# Ramp Wine



## Cracked Cork (Jun 8, 2007)

This post is especially for Ramona in WV and anyone else that has had or heard of a ramp, cousin to the wild garlic and onion that grows in WV and also has a festival of the ramp in WV. Kirkwood winery makes and sells a ramp wine, tried some today at a winetasting, lets say it interesting. Took home a bottle of their elderberry, mountain blueberry and raspberry, all very good! 

Appalachian
Ramp Wine at http://www.kirkwood-wine.com/winelist.html .

Crackedcork
</span>


----------



## NorthernWinos (Jun 8, 2007)

I got some 'Wild Garlic' from Tennessee that a friend dug from ditches there....It is smaller than most and very strong....I have been growing it for a few years now...It is the strongest of the garlics I grow.


Is it related to the Ramp plant????


http://www.kirkwood-wine.com/winelist.html


They sure have an interesting winelist.


----------



## Cracked Cork (Jun 8, 2007)

NW, I have no idea about the relationship between the wild onions, but they are all good. I took the flower tops off of some of our wild garlic, chopped them up and tossed them into a venison salad, paired with an elderberry wine, I certainly dont deserve to eat like that!

As far as Kirkwood wines go, I have no connection etc, they were at a mountain heritage show this weekend showing their WV wines. We are drinking their blueberry right now, its a little bit better than my best blueberry, in other words damn good 

Crackedcork


----------



## rgecaprock (Jun 8, 2007)

Cracked, 


I was wondering about the ramps. I'll bet that is an interesting wine. Have you seen the recipe for it?


Now I'm going to ask about elderberries. I see them growing here in the city in the suburbs along the roads and bayous. I noticed the berries on some today,,,,not ripe yet. Would they be good for wine since they are growing wild...i'm sure they would. I might stop and collect some when I see that they are ripe and just try a gallon or two. I bet just about no one around here knows what they are.


Glad you got to try some ramp wine....thanks for sharing that and the link.

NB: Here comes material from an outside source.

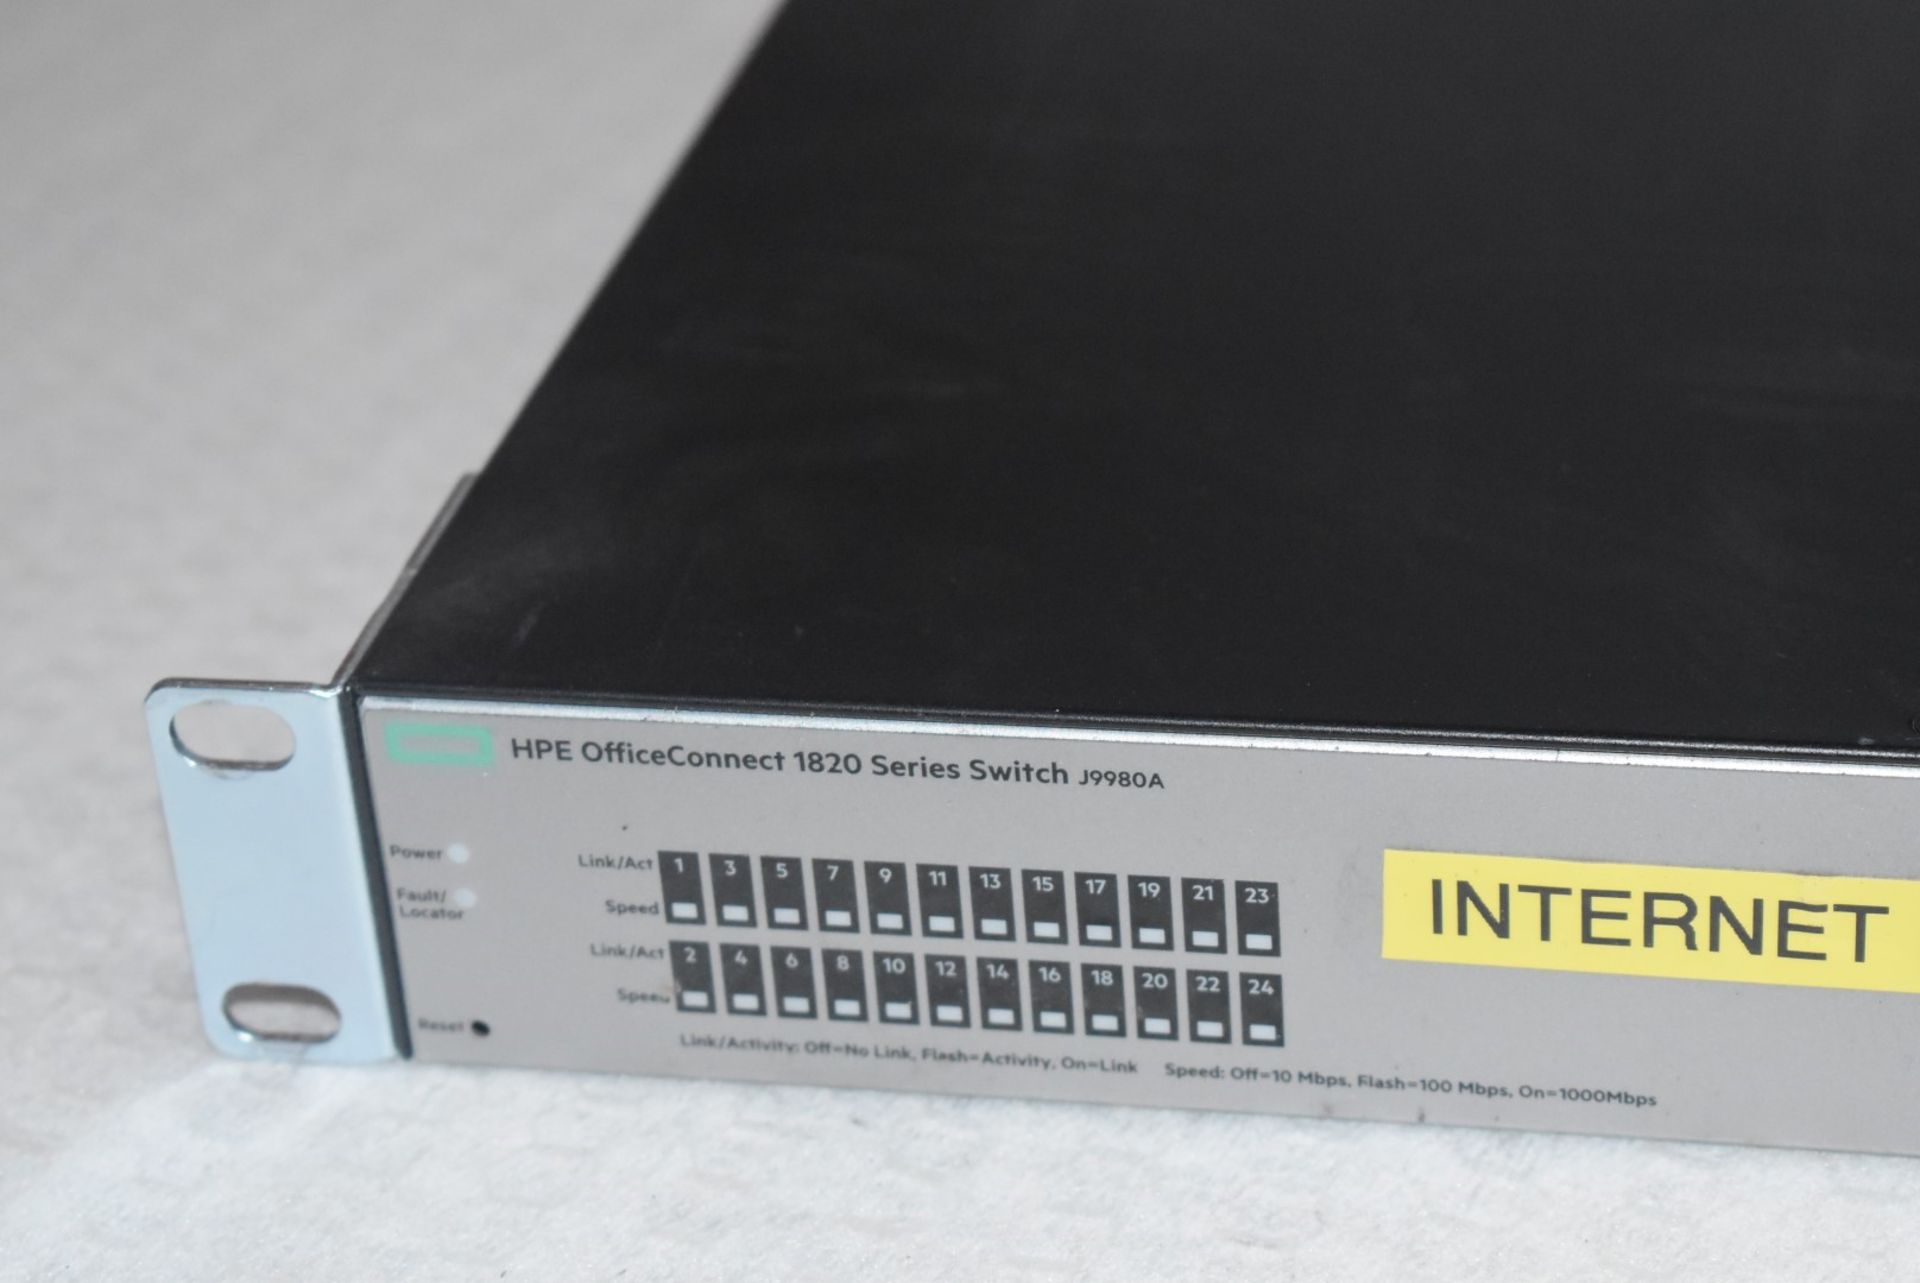 1 x HP Office Connect 1820 Series 24 Port Switch - Type J9980A - Image 3 of 4

Ramona*Edited by: rgecaprock *


----------



## NorthernWinos (Jun 8, 2007)

I have seen a recipe for Garlic Wine and wondered about it....If we get a good crop this year just might try a gallon....BUT...would think it would be just for marinade...any thoughts?


----------



## Cracked Cork (Jun 8, 2007)

Ramona, the first elderberry wines were made from wild ones  I have only used tame ones as that is what we have and the wild ones always seem to grow on other peoples backyards or railways and I am not crazy about railway berries. I personally wouldnt make ramp wine, for cooking we use ginger wine, lots of flavor there. Crackedcork


----------



## rgecaprock (Jun 8, 2007)

So would not recommend picking the "street and ditch" berries? My dad used to make them from the wild ones....but wild in WV and wild here are probably two different animals.....ya think?


Ramona


----------



## Cracked Cork (Jun 8, 2007)

Ramona, if you are in TX the only difference is you guys got rattlers and we have copperheads in WV  Crackedcork
*Edited by: Cracked Cork *


----------



## rgecaprock (Jun 9, 2007)

We have copperheads too, I lifted up a flower pot one moring when I was living in a house and a very pretty one, must have just shed it skin was all curled up underneath. Then I saw 2 more that year. And that was in the suburbs.


Ramona


----------



## smokegrub (Jun 9, 2007)

Ramps are very strong with a reputed peculiar characteristic. It is said that if they are eaten in large quantity the consumer will begin to emit a strong garlic-like odor. I wonder how they smell under fermentation. Somehow I just can't envision a ramp wine nor can I envision how one might use it.


----------